United States (US) economy to pass pre-pandemic peak in late 2021, regain full employment in 2023, said Joel Prakken and Chris Varvares from IHS Markit - Photo by the White House Office

JAKARTA (TheInsiderStories) – United States (US) economy to pass pre-pandemic peak in late 2021, regain full employment in 2023, said Joel Prakken and Chris Varvares from IHS Markit. While, minutes of Federal Reserve (Fed) showed that the policymakers agreed the current monetary policy measures were appropriate to support the economic recovery as the risks to the outlook remained tilted to the downside.

Fiscal policy measures, along with the support from monetary policy and the Fed’ liquidity and lending facilities are expected to continue supporting the second-half recovery, said the minutes. The staff assumed the enactment of some additional fiscal policy support this year. Without that additional policy action, the pace of the economic recovery would likely be slower.

According to IHS Markit, recent data imply third-quarter real GDP growth near 33 percent, stronger than anticipated previously. This encouraged us to revise up our forecast for growth in 2020 from -4.0 to -3.5 percent. However, after the third quarter they expect GDP growth to fade, as catch-up spending wanes, federal and state and local fiscal support dissipates, and stubbornly high COVID-19 infection rates leave states cautious about re-opening their economies and encourage continued caution by consumers and business independent of official containment measures.

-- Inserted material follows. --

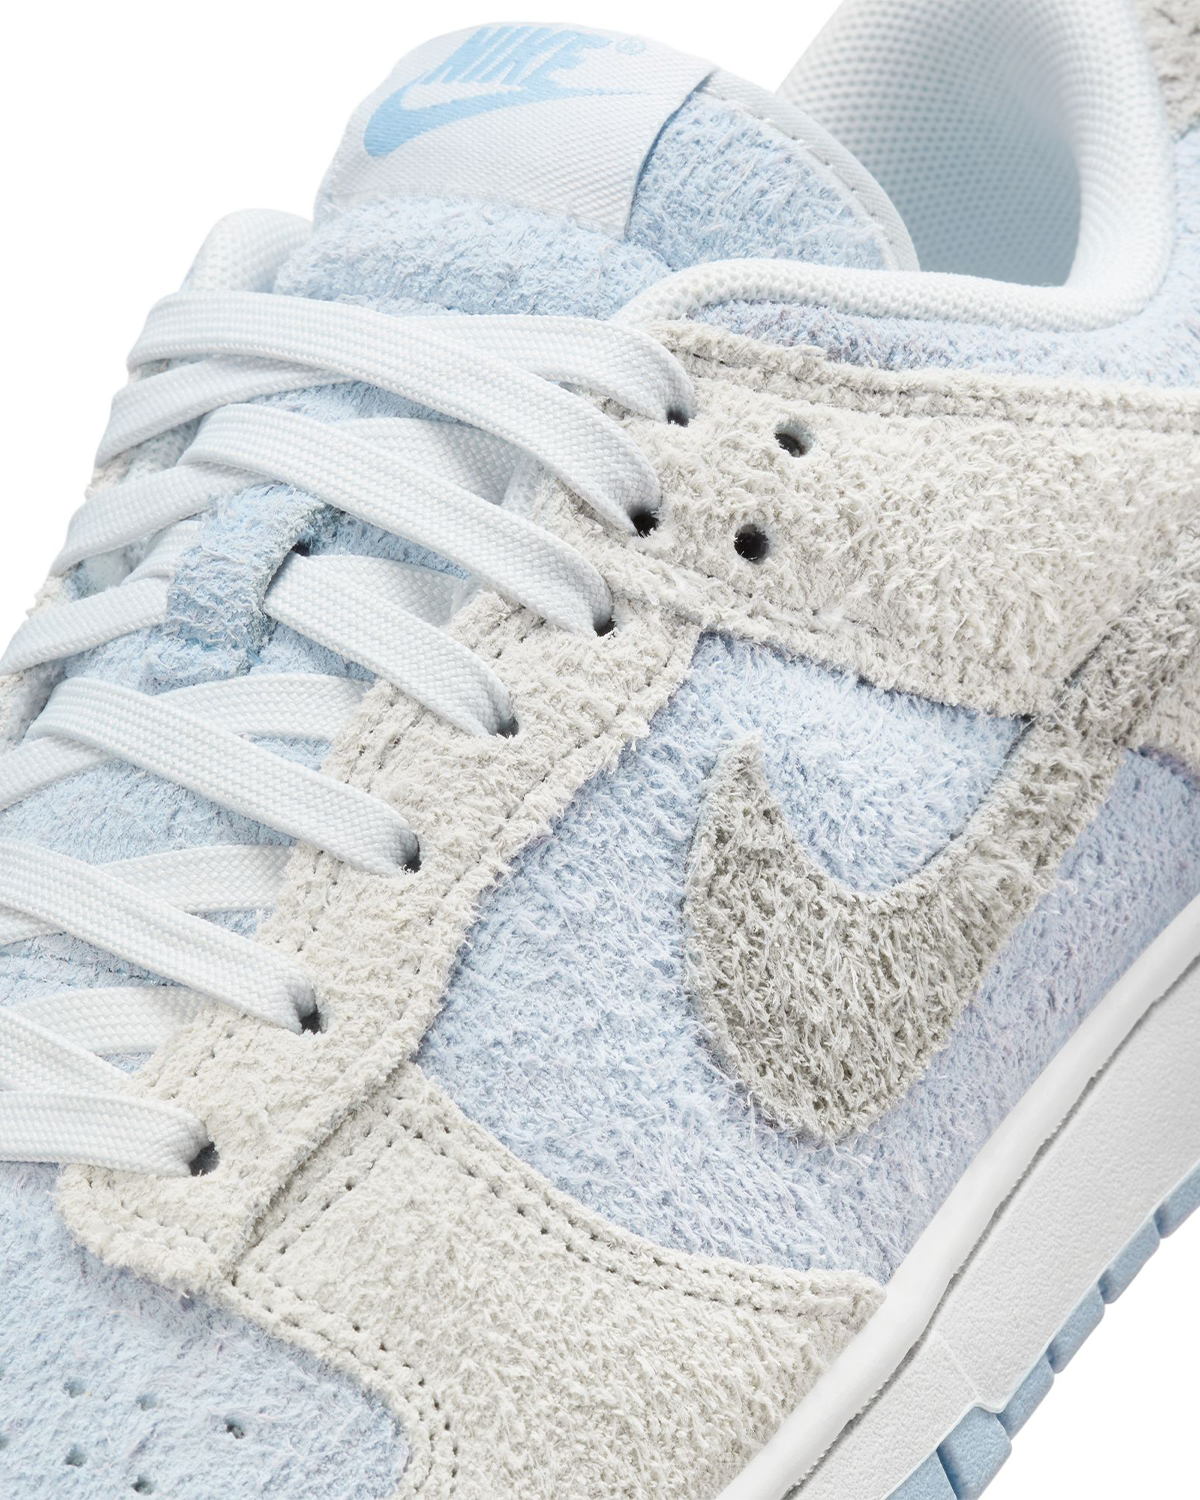 Dunk Low Light Armory Blue and Photon Dust (Womens)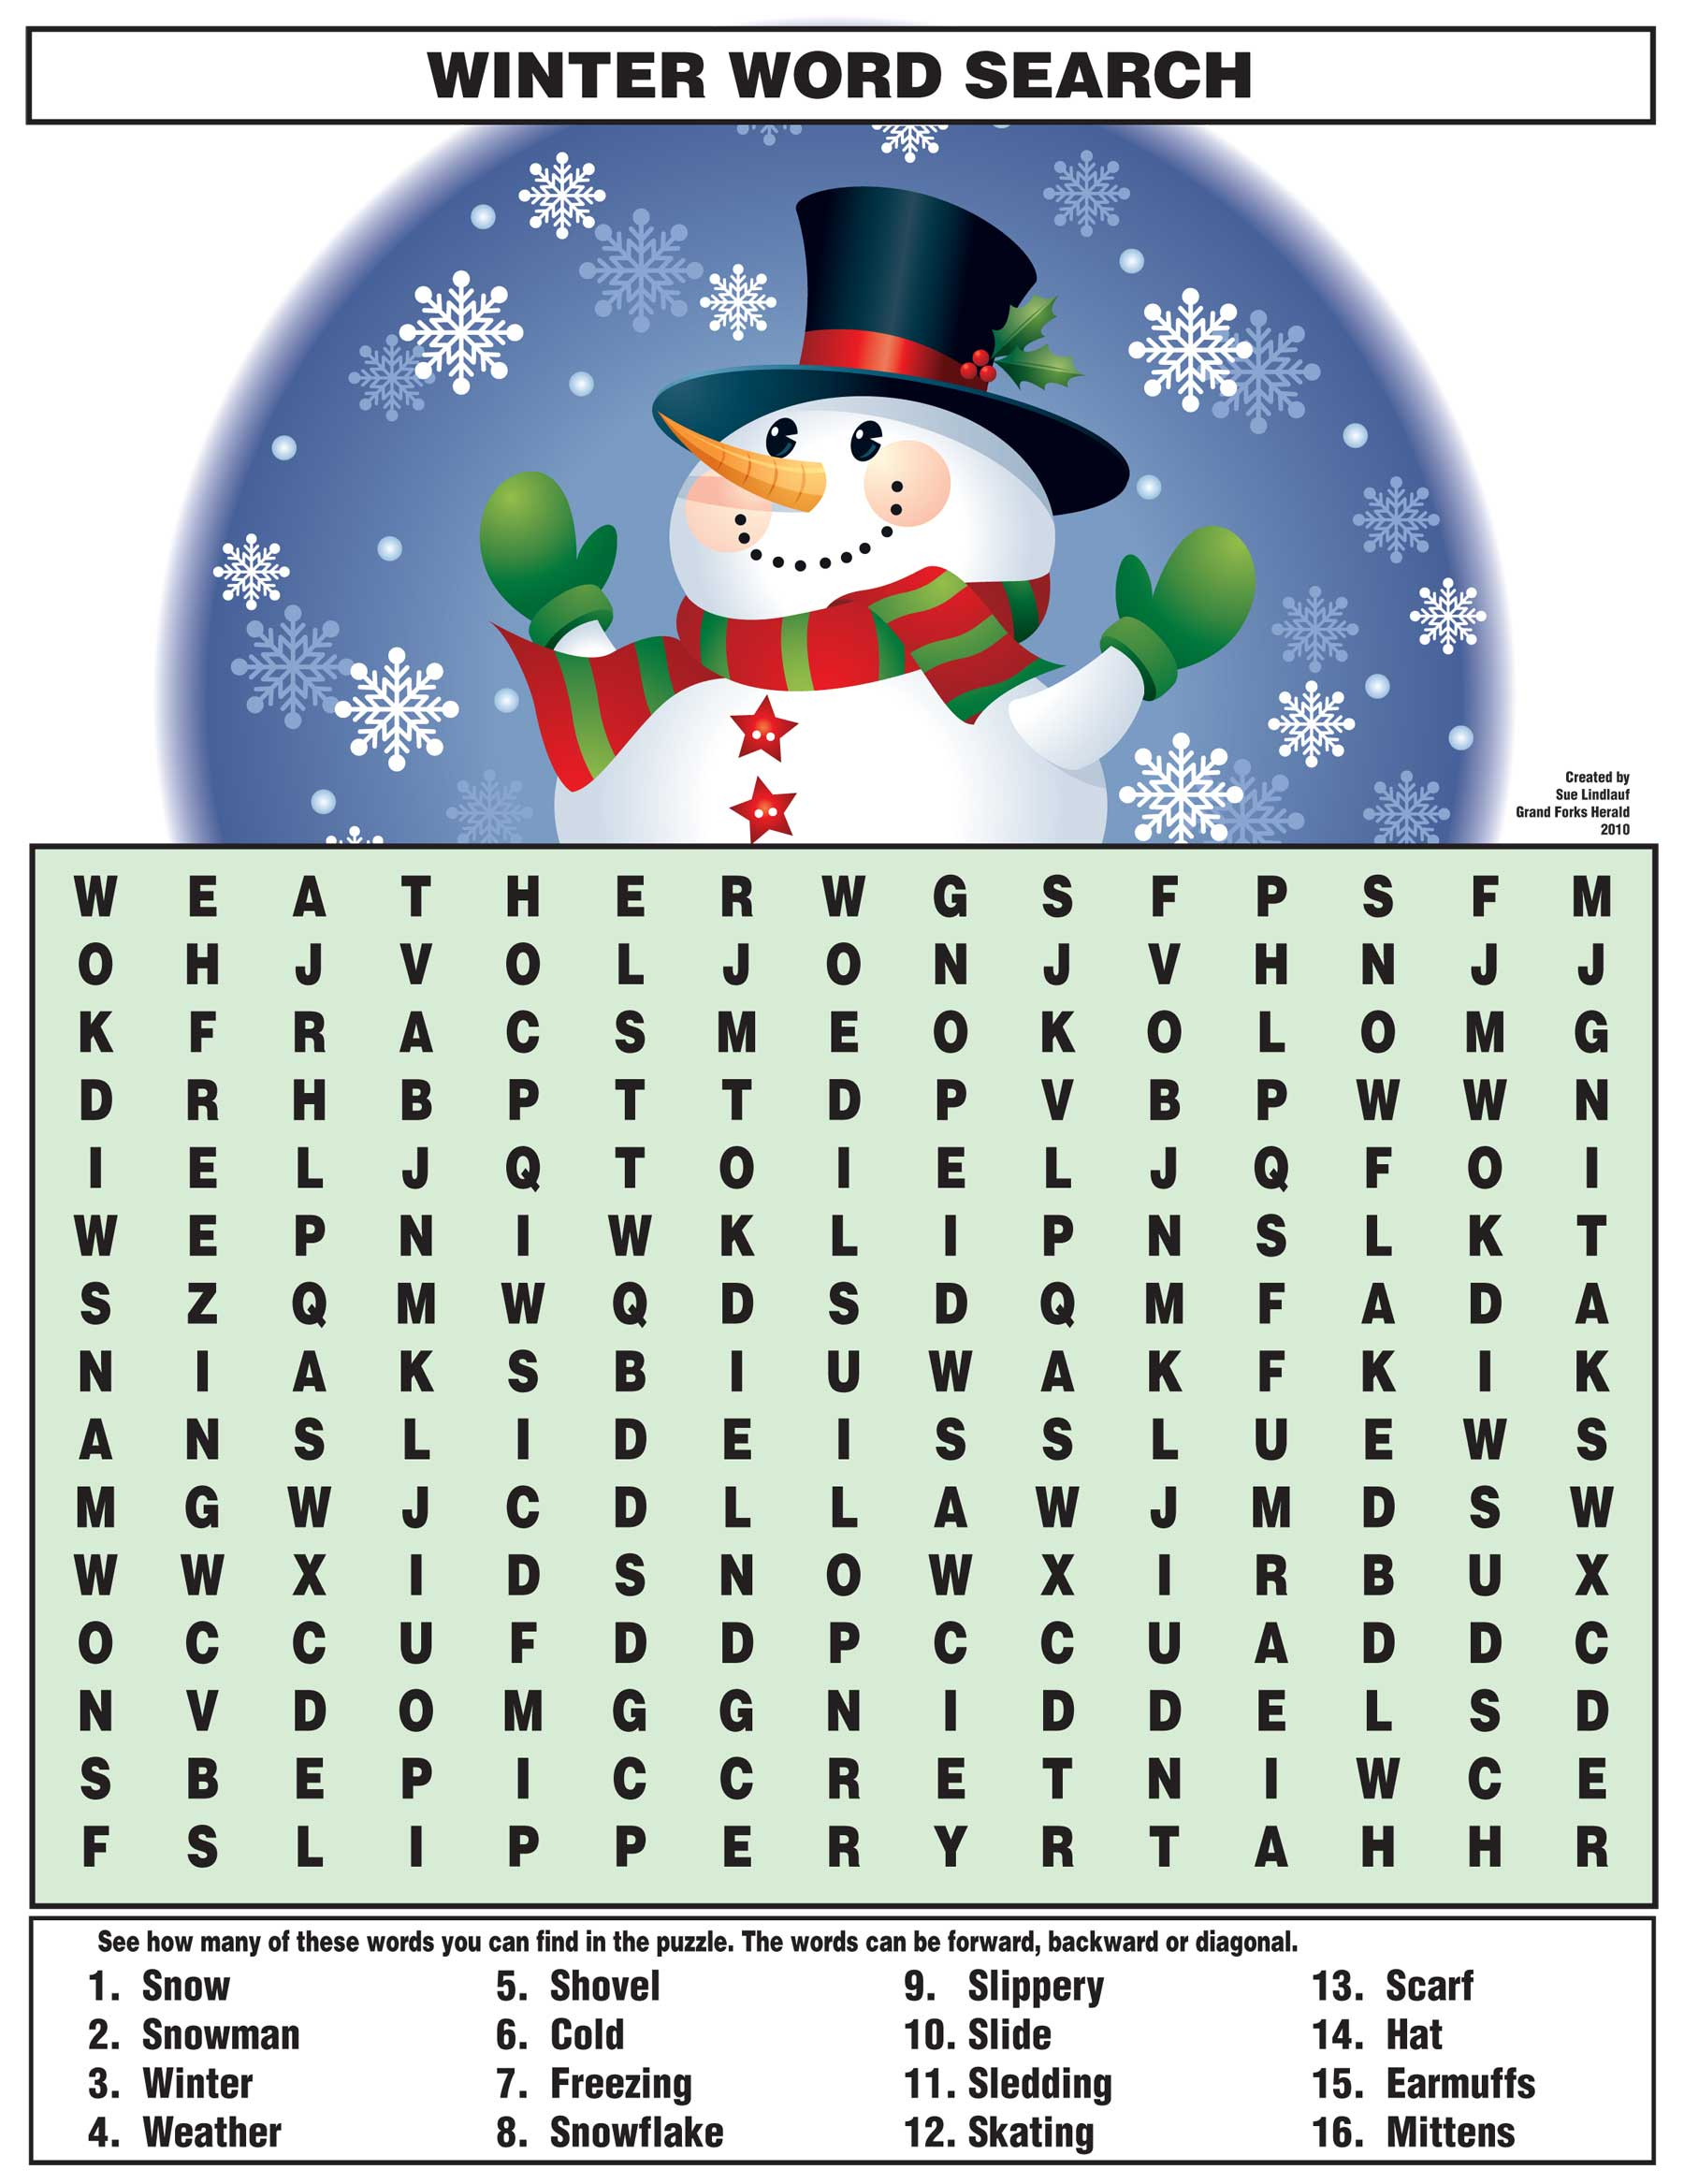 Winter Word Search | Kids Activities - Printable Snowman Puzzle

“We project GDP to surpass its previous peak in late 2021, and the economy to regain full employment in 2023. Our forecast assumes emergency unemployment benefits of US$300 per week and another round of stimulus checks are disbursed during the fourth quarter,” said the economists.

In addition, they said, the economy faces renewed risk early in 2021 when fiscal support wanes. However, Prakken assume a vaccine becomes available in mid-2021, allowing the recovery to progress even without pandemic relief measures beyond those we assume.

While, the Fed sees the rate of real GDP growth and the pace of declines in the unemployment rate were faster over the second half of this year than in the July forecast, primarily reflecting recent better-than-expected data. In addition, the inflation forecast for the rest of the year was revised up slightly, as some recent consumer goods prices were stronger than expected.

Nevertheless, inflation was still projected to be subdued this year, reflecting substantial slack in resource utilization and the sizable declines in consumer energy prices earlier this year. Fiscal policy measures, along with the support from monetary policy and the Fed’ liquidity and lending facilities, were expected to continue supporting the second-half recovery, al­though the recovery was forecast to be far from complete by year-end.

The rate of real GDP growth was projected to exceed potential output growth, the unemployment rate was expected to decline considerably further, and inflation was forecast to pick back up in 2021 through 2023. With the more-accommodative monetary policy assumed in the current forecast, which reflected the recent consensus statement, inflation was projected to moderately overshoot 2 percent for some time in the years beyond 2023.

In their consideration of monetary policy at this meeting, participants reaffirmed that they were committed to using the Fed‘ full range of tools in order to support the US economy during this challenging time, thereby promoting the Committee’ statutory goals of maximum employment and price stability. They also noted that the path of the economy would depend significantly on the course of the virus and that the ongoing public health crisis would continue to weigh on economic activity, employment, and inflation in the near term and posed considerable risks to the economic outlook over the medium term.

In their discussion, the policymakers agreed that the ongoing public health crisis would continue to weigh on economic activity, employment, and inflation in the near term and was posing considerable risks to the economic outlook over the medium term. All members agreed to maintain the target range for the federal funds rate at zero to 0.25 percent.